Someone answered on the other end of the phone, and Mac spoke, his voice tight and flat, his answers to the other person’s questions clipped short.
“We’re coming back.”
“She’s with me.”
“No.”
“My house. I need you to have someone board up the windows from the outside.”
“Yeah, all of them. Bruin and I can watch the exits, but she’s sneaky as fuck.”
“No.”
“Because she won’t listen.”
“Yeah. Ok. Tell them not to get close.”
“No, he’s fine. It hasn’t bothered me yet.”
“I don’t know, maybe because he’s a-because of who he is.”
He sighed. “I have no fucking idea.”
“Yeah, bye.”
Mac hung up.
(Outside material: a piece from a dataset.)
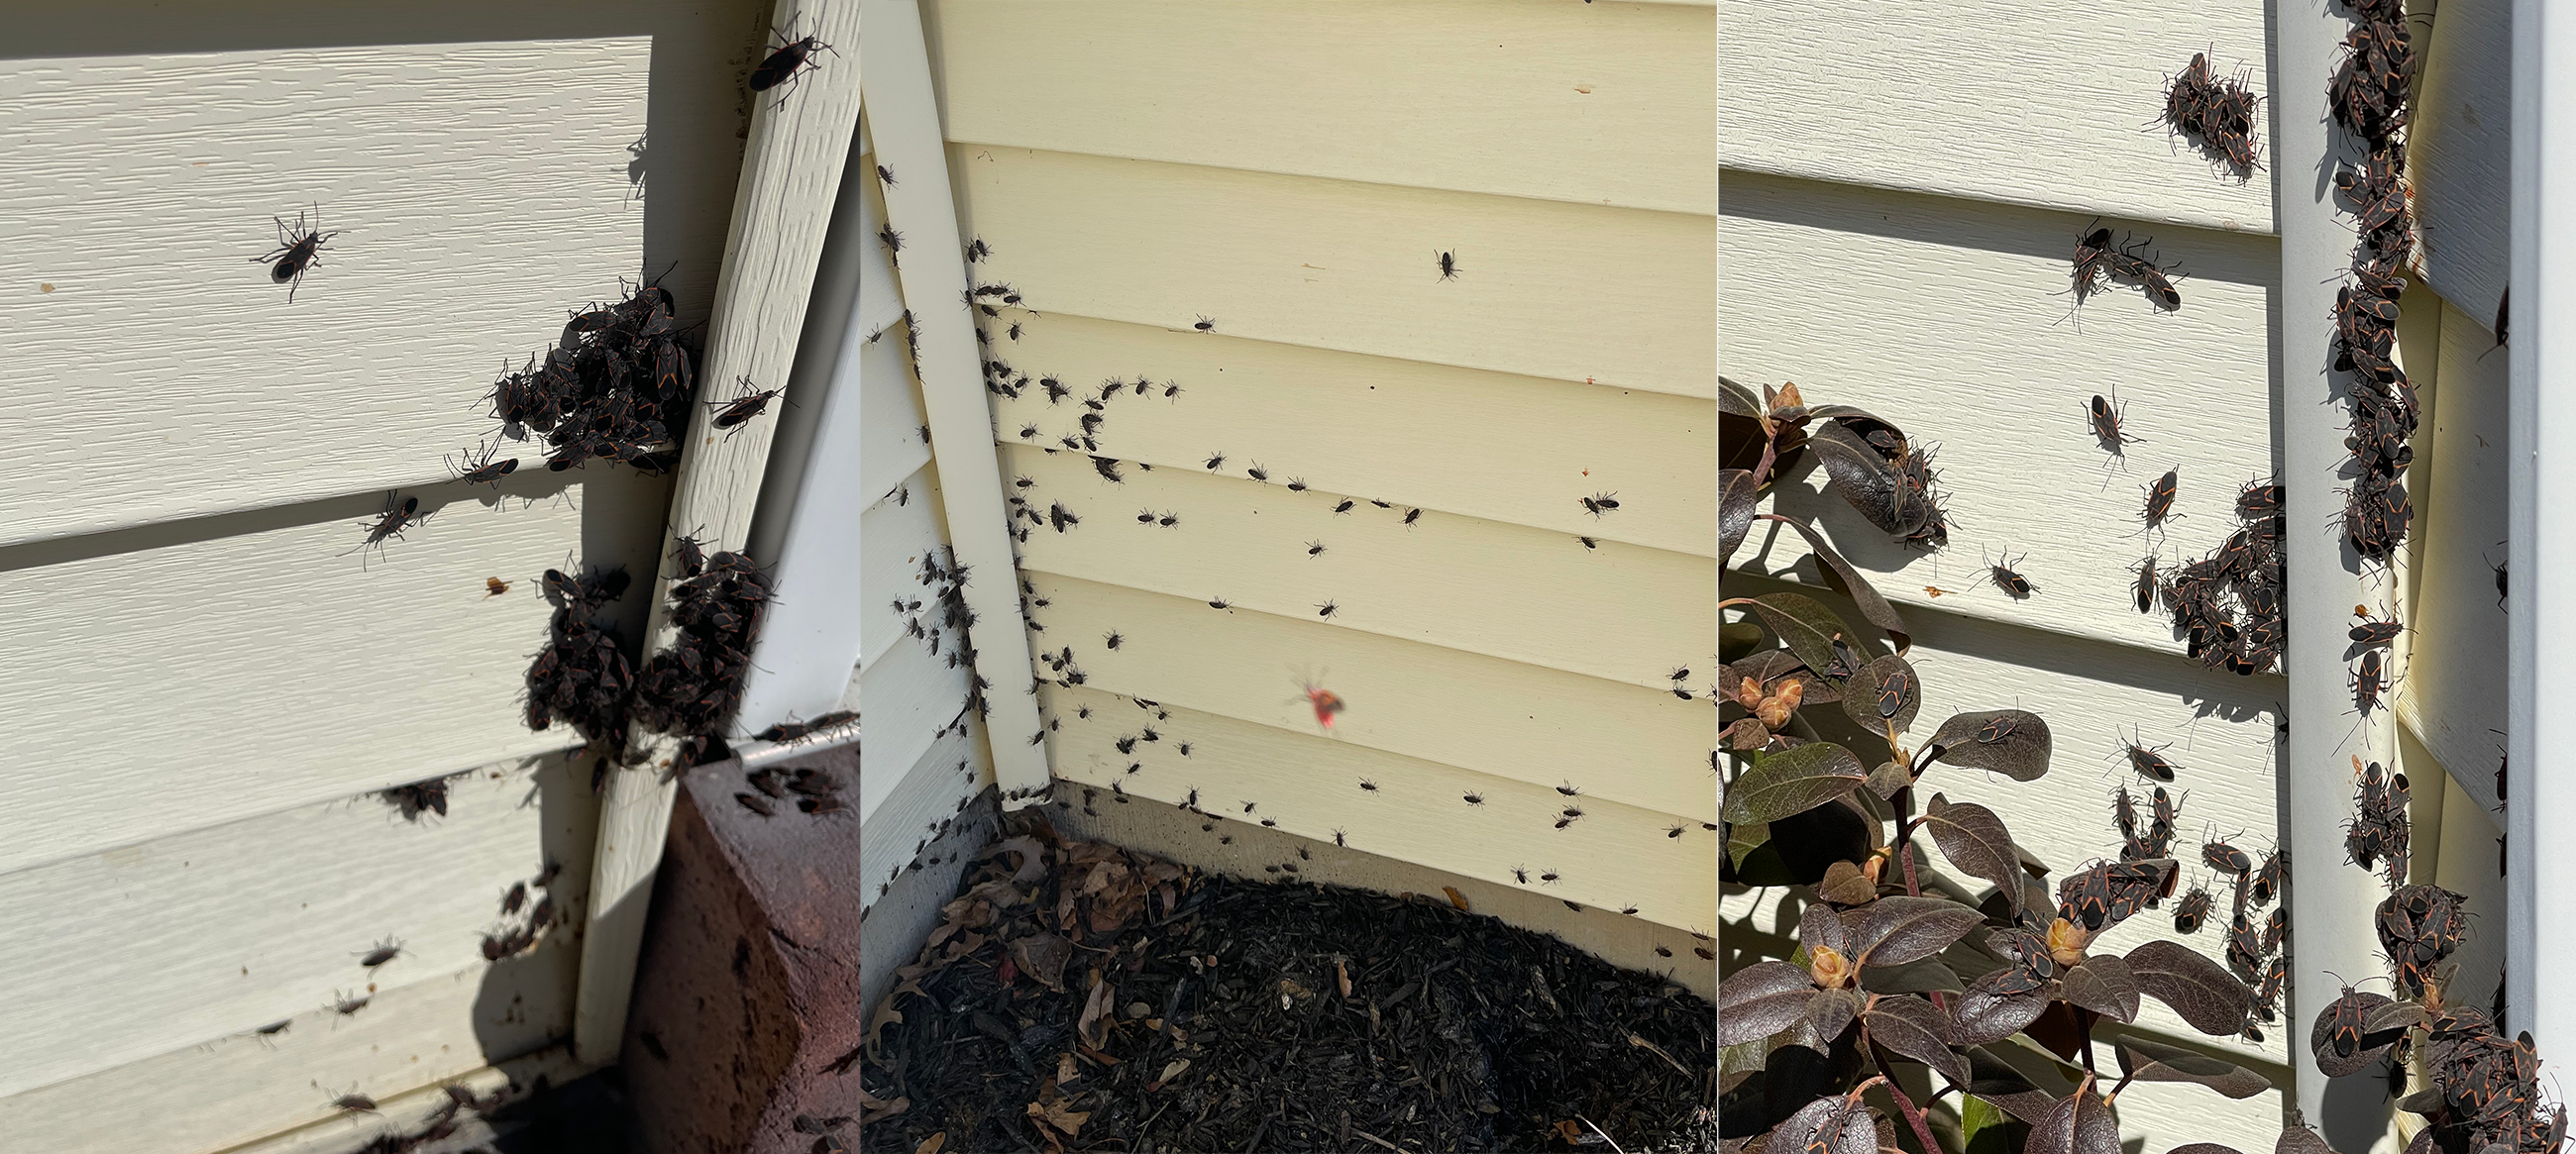 The Spring Invasion of Boxelder Bugs

For Rogue, the silence in the cab of the truck in the aftermath of that phone call was almost as painful as him calling her sneaky as fuck.
***
Mac pulled up in front of his house. Rogue recognized it from the day she’d followed him here. She closed her eyes, not even sure how many days ago that had been. Three? Four? Less?
Mac got out and opened her door. For a brief moment, she contemplated making him pull her out. Just complete and total disobedience on her part, but rejected it. She was pissed off at him, but if he put his hands on her, she would like it, no matter how or why it was done. She slid out and stood there, refusing to look at him.